The data ▸
↓↓↓
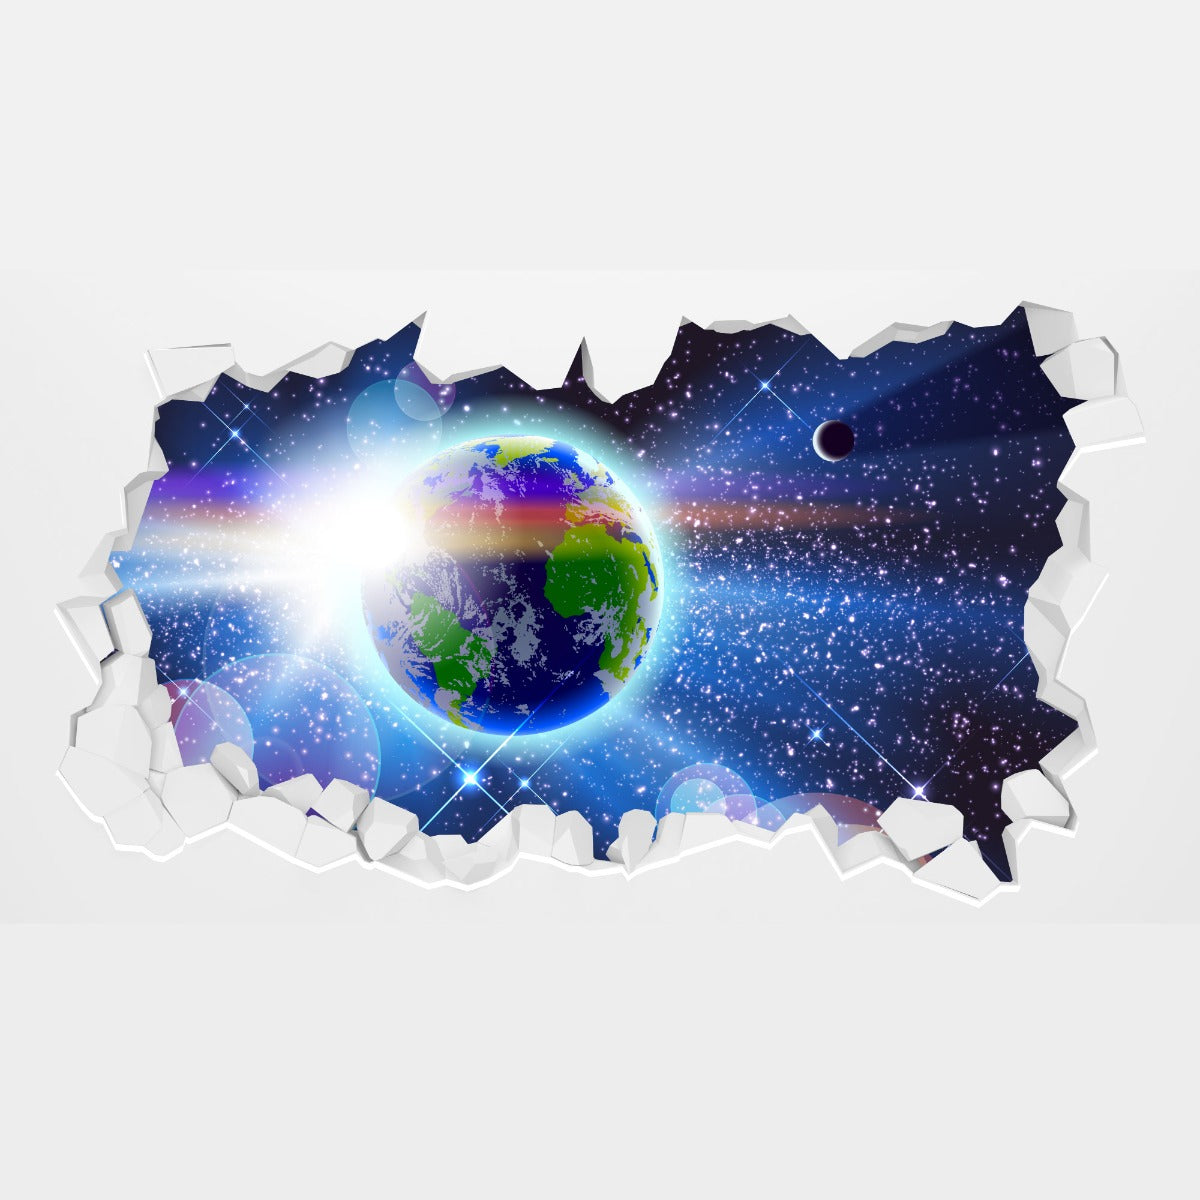 Space Wall Sticker - Earth in Space Broken Wall
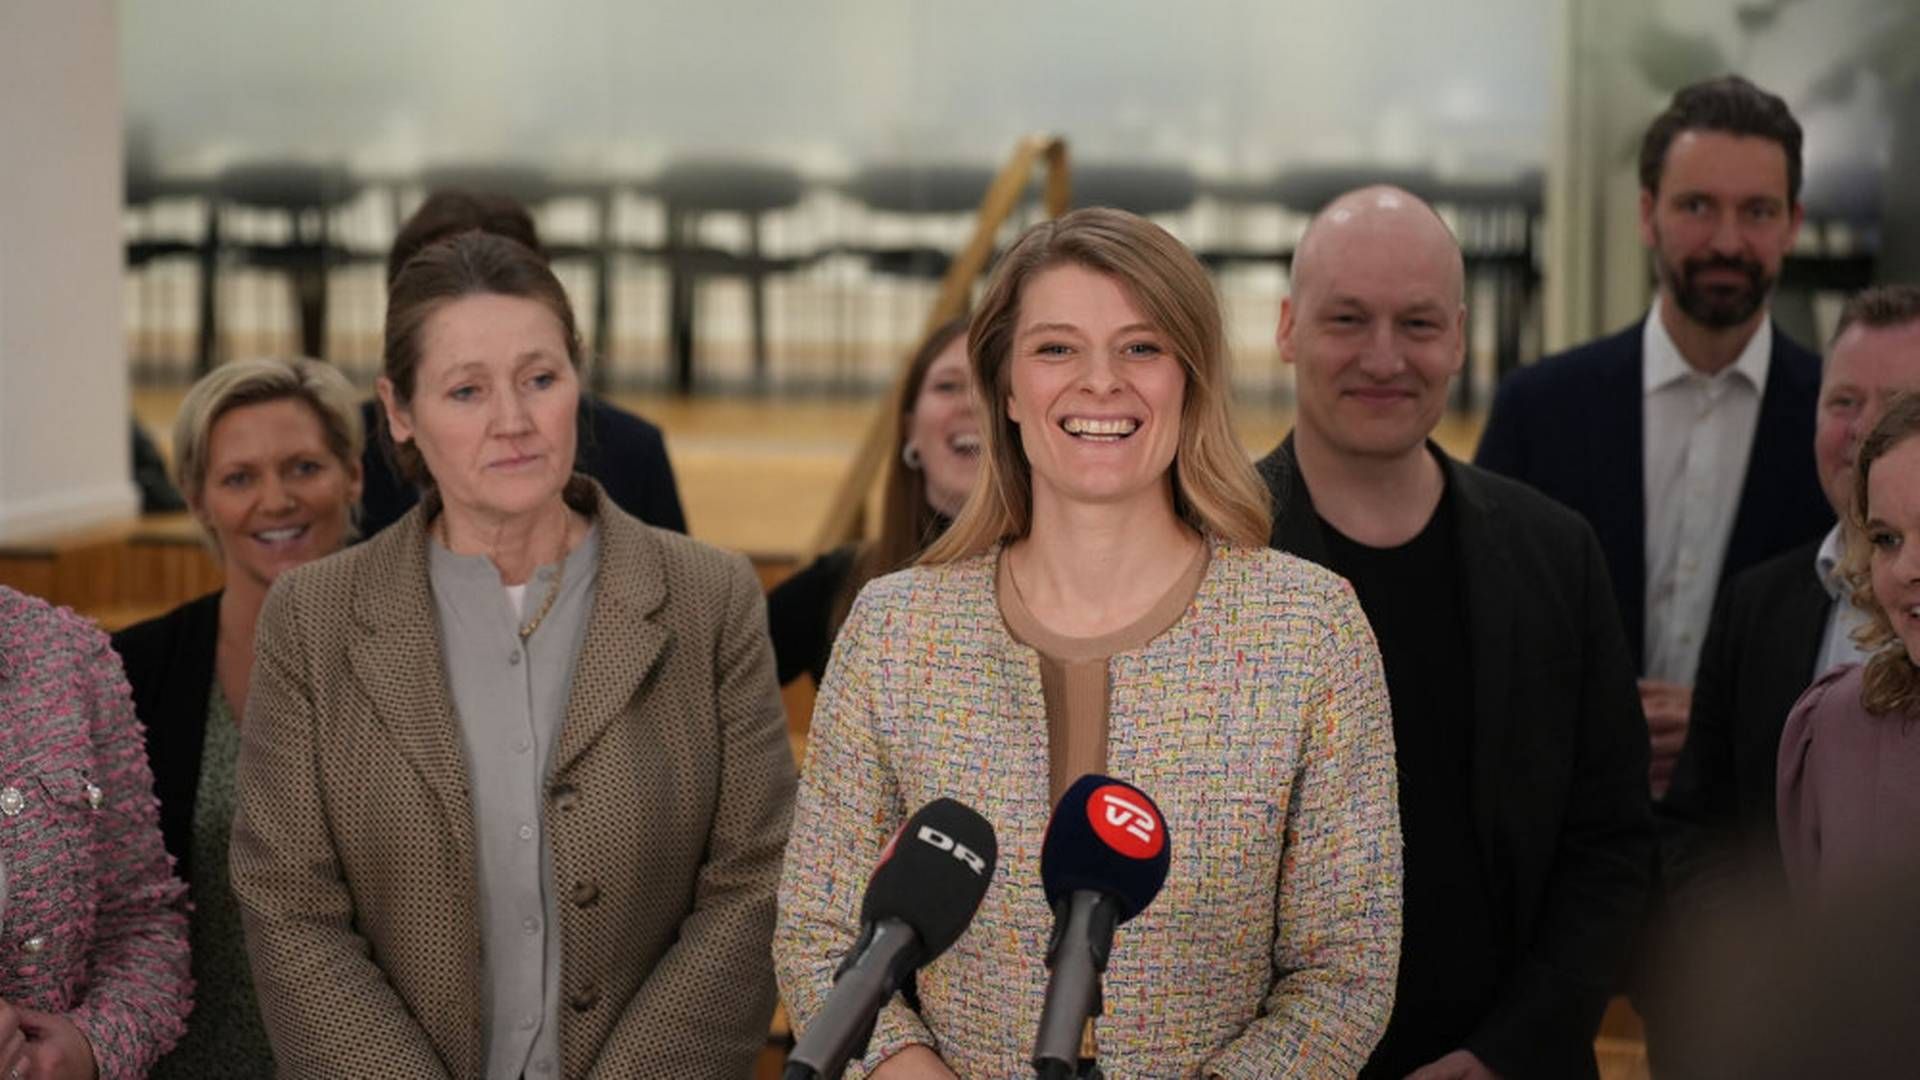 Beskæftigelsesminister Ane Halsboe-Jørgensen (S) og samtlige af Folketingets partier var repræsenteret ved pressemødet, hvor de præsenterede den nye arbejdsmiljøaftale | Foto: Emil Helms / Ritzau Scanpix
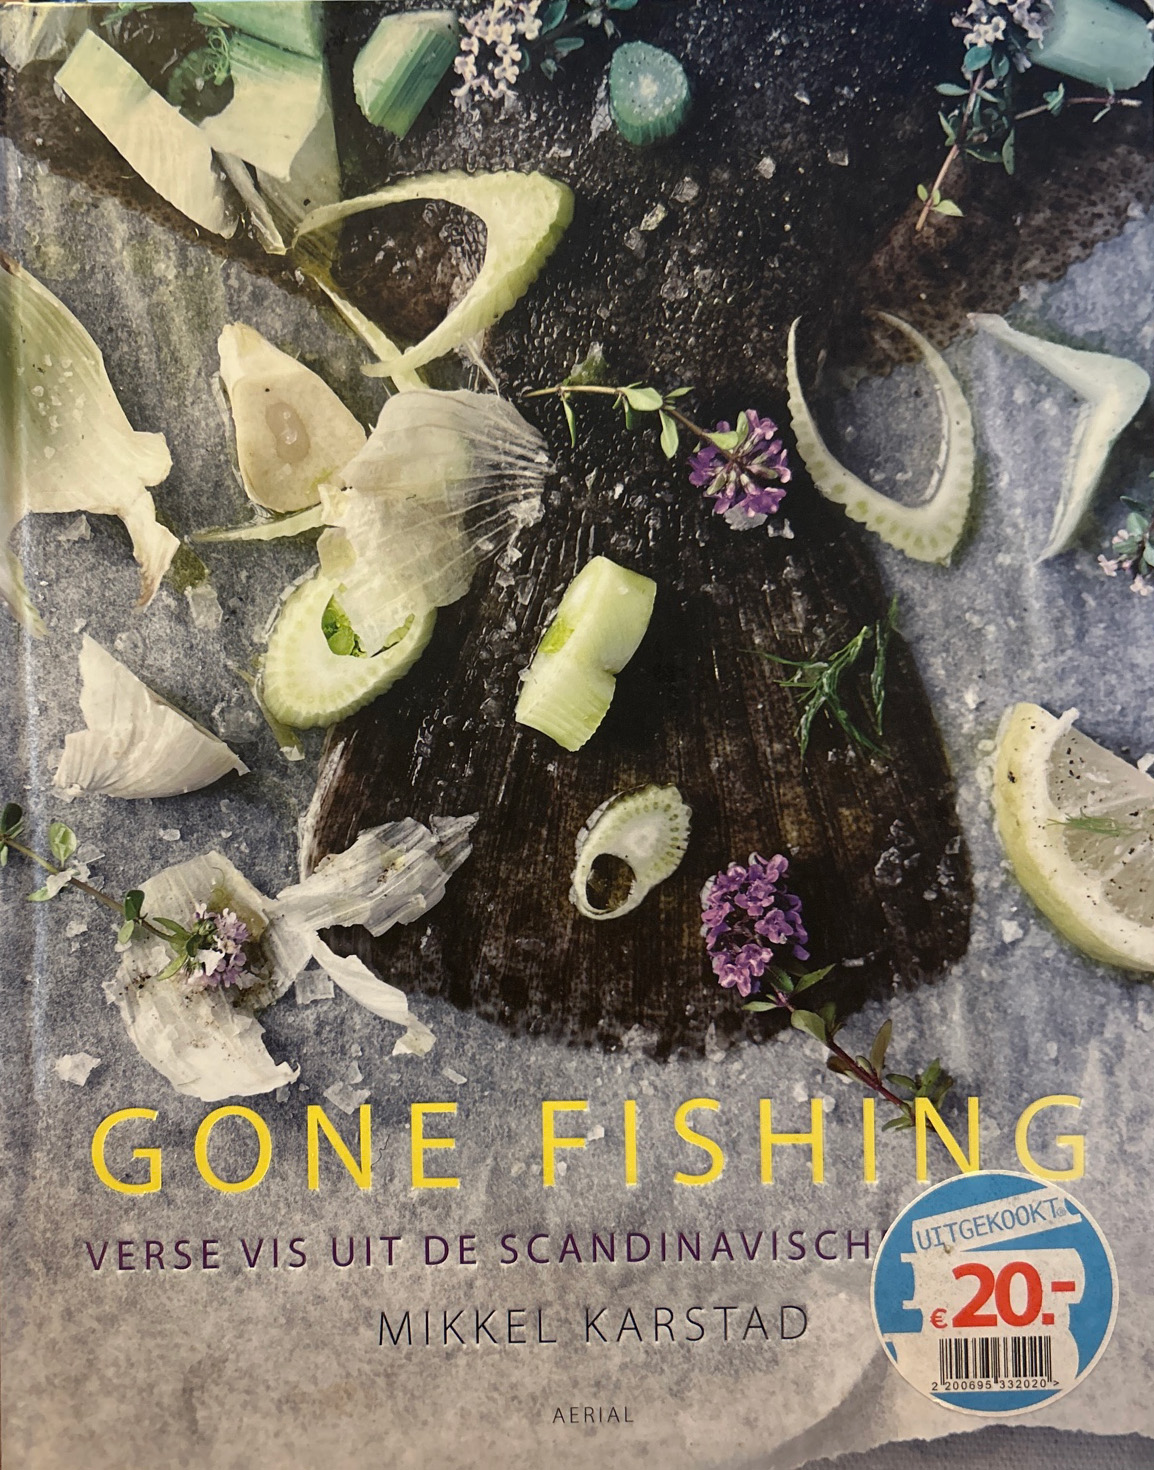 Gone fishing – Mikkel Karstad
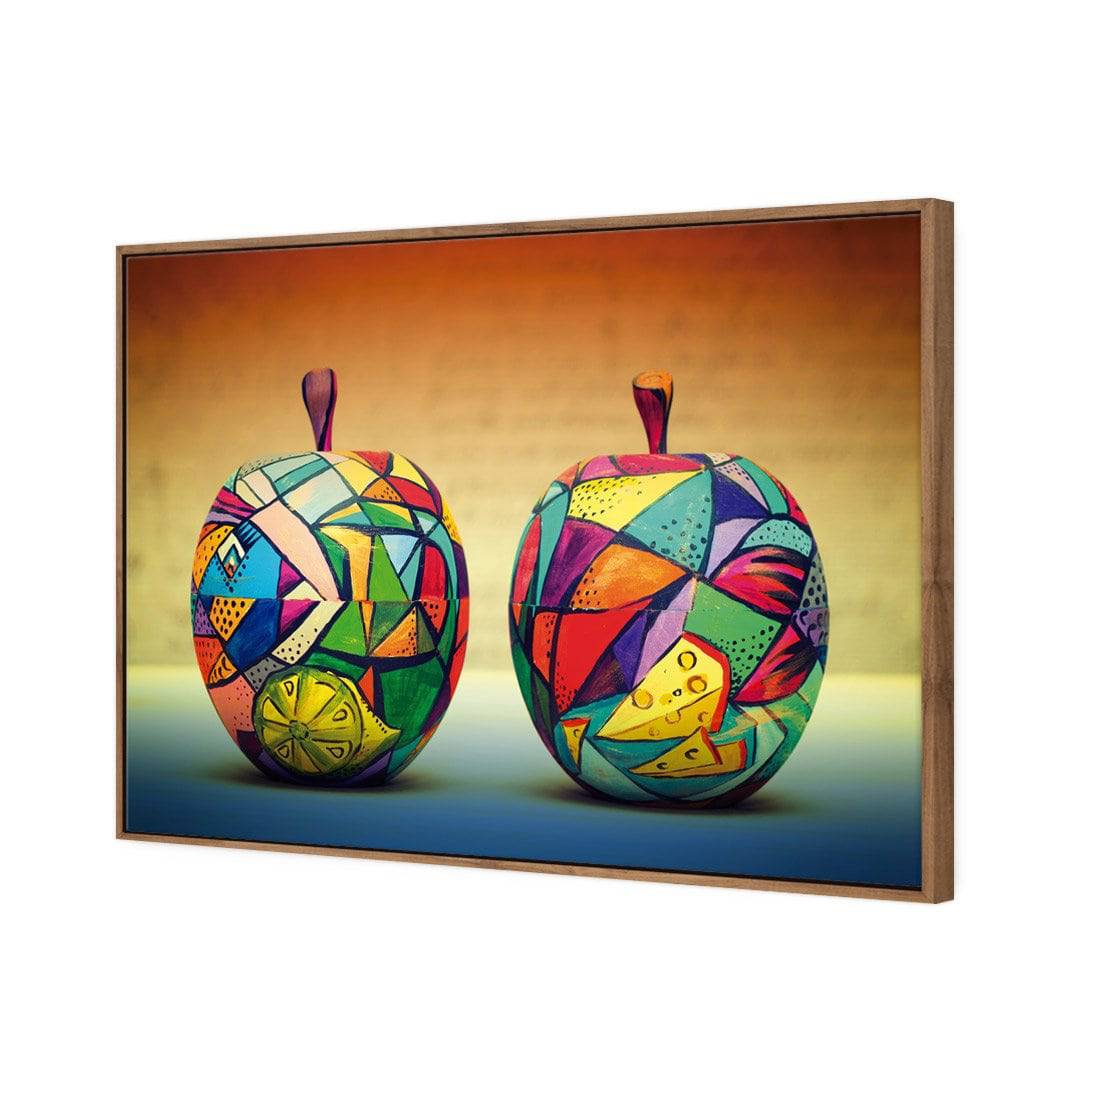 Forbidden Fruit Canvas Art-Canvas-Wall Art Designs-45x30cm-Canvas - Natural Frame-Wall Art Designs
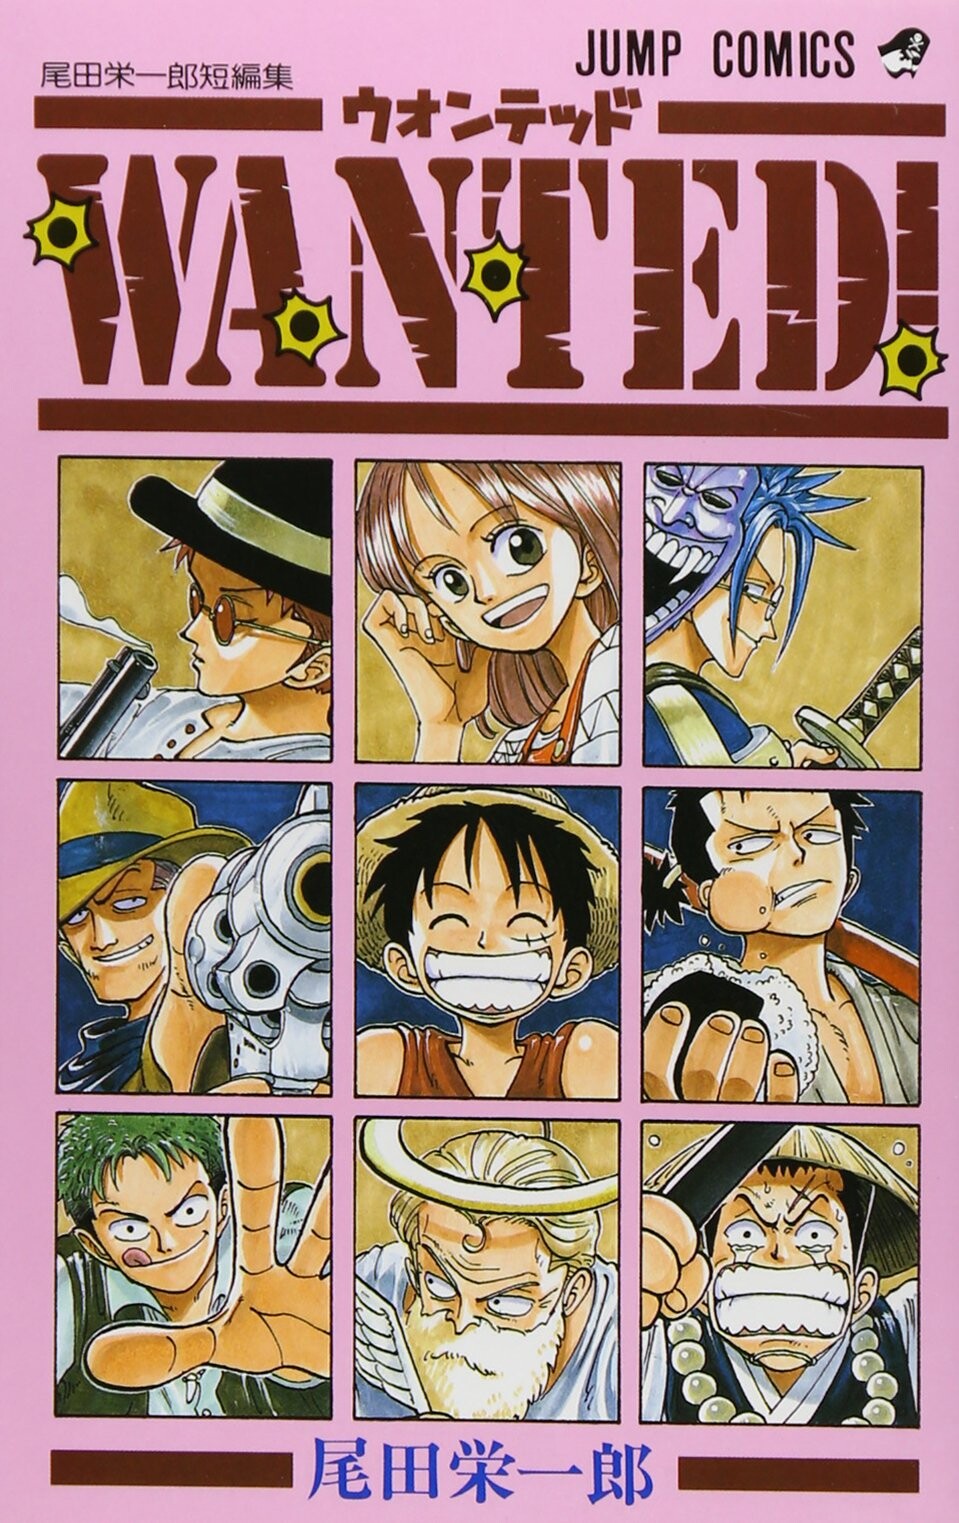 Der Vorgänger von One Piece wurde später in den Wanted-Büchern veröffentlicht.
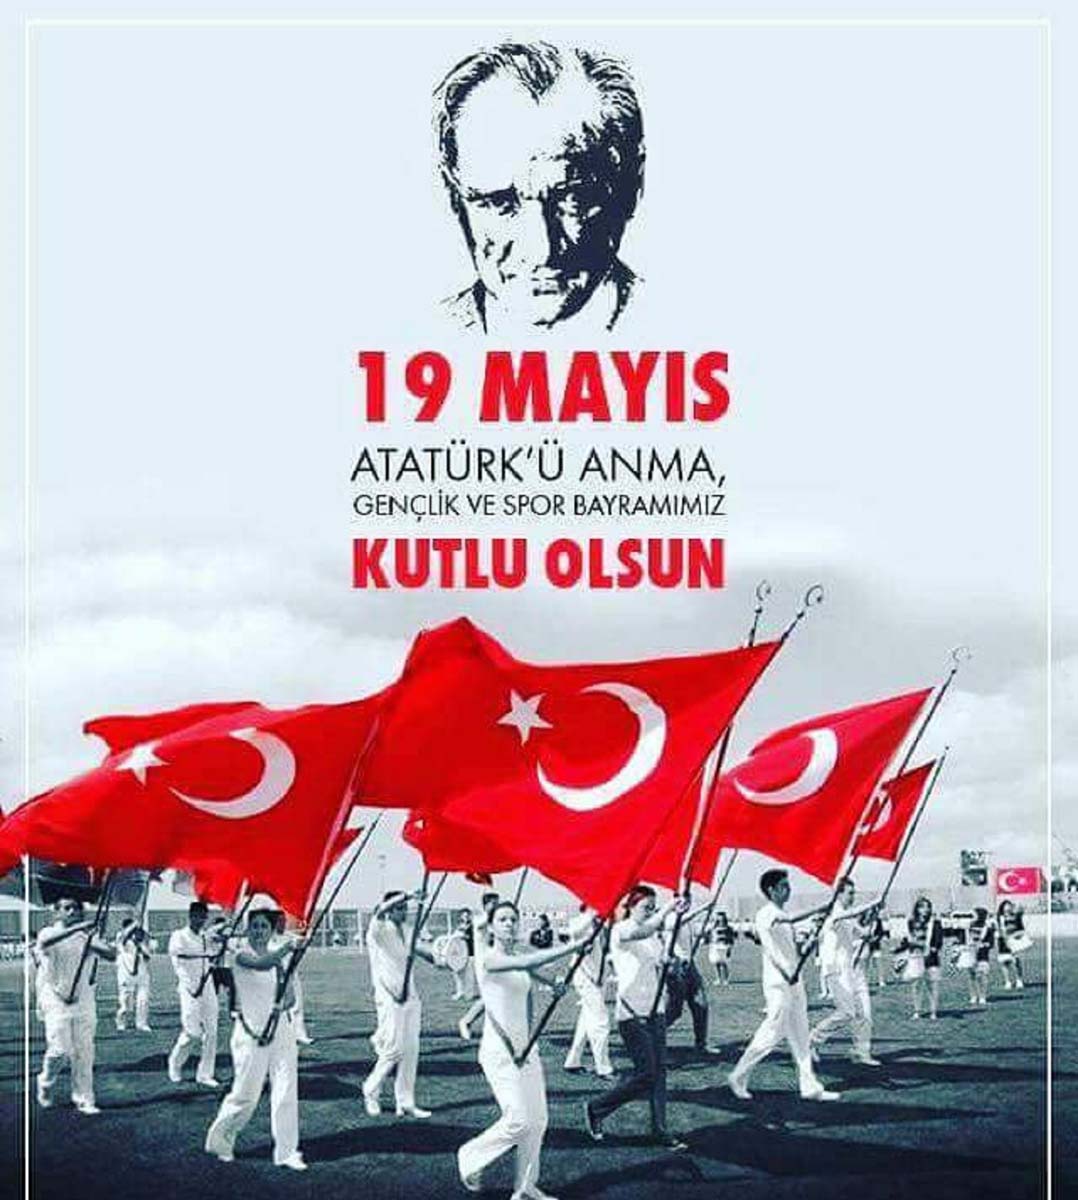 19 Mayıs Atatürk'ü Anma Gençlik ve Spor Bayramı resmi tatil mi 2022? 19 Mayıs hangi güne denk geliyor, yarım gün mü, tam gün mü?
↑↑↑
Problem statement ▸ The whole listing must be transcribed exactly. No pictures belong in the copy.

Your response ▸
 Space Wall Sticker - Earth in Space Broken Wall
 Beskæftigelsesminister Ane Halsboe-Jørgensen (S) og samtlige af Folketingets partier var repræsenteret ved pressemødet, hvor de præsenterede den nye arbejdsmiljøaftale | Foto: Emil Helms / Ritzau Scanpix
 Gone fishing – Mikkel Karstad
 Forbidden Fruit Canvas Art-Canvas-Wall Art Designs-45x30cm-Canvas - Natural Frame-Wall Art Designs
 Der Vorgänger von One Piece wurde später in den Wanted-Büchern veröffentlicht.
 19 Mayıs Atatürk'ü Anma Gençlik ve Spor Bayramı resmi tatil mi 2022? 19 Mayıs hangi güne denk geliyor, yarım gün mü, tam gün mü?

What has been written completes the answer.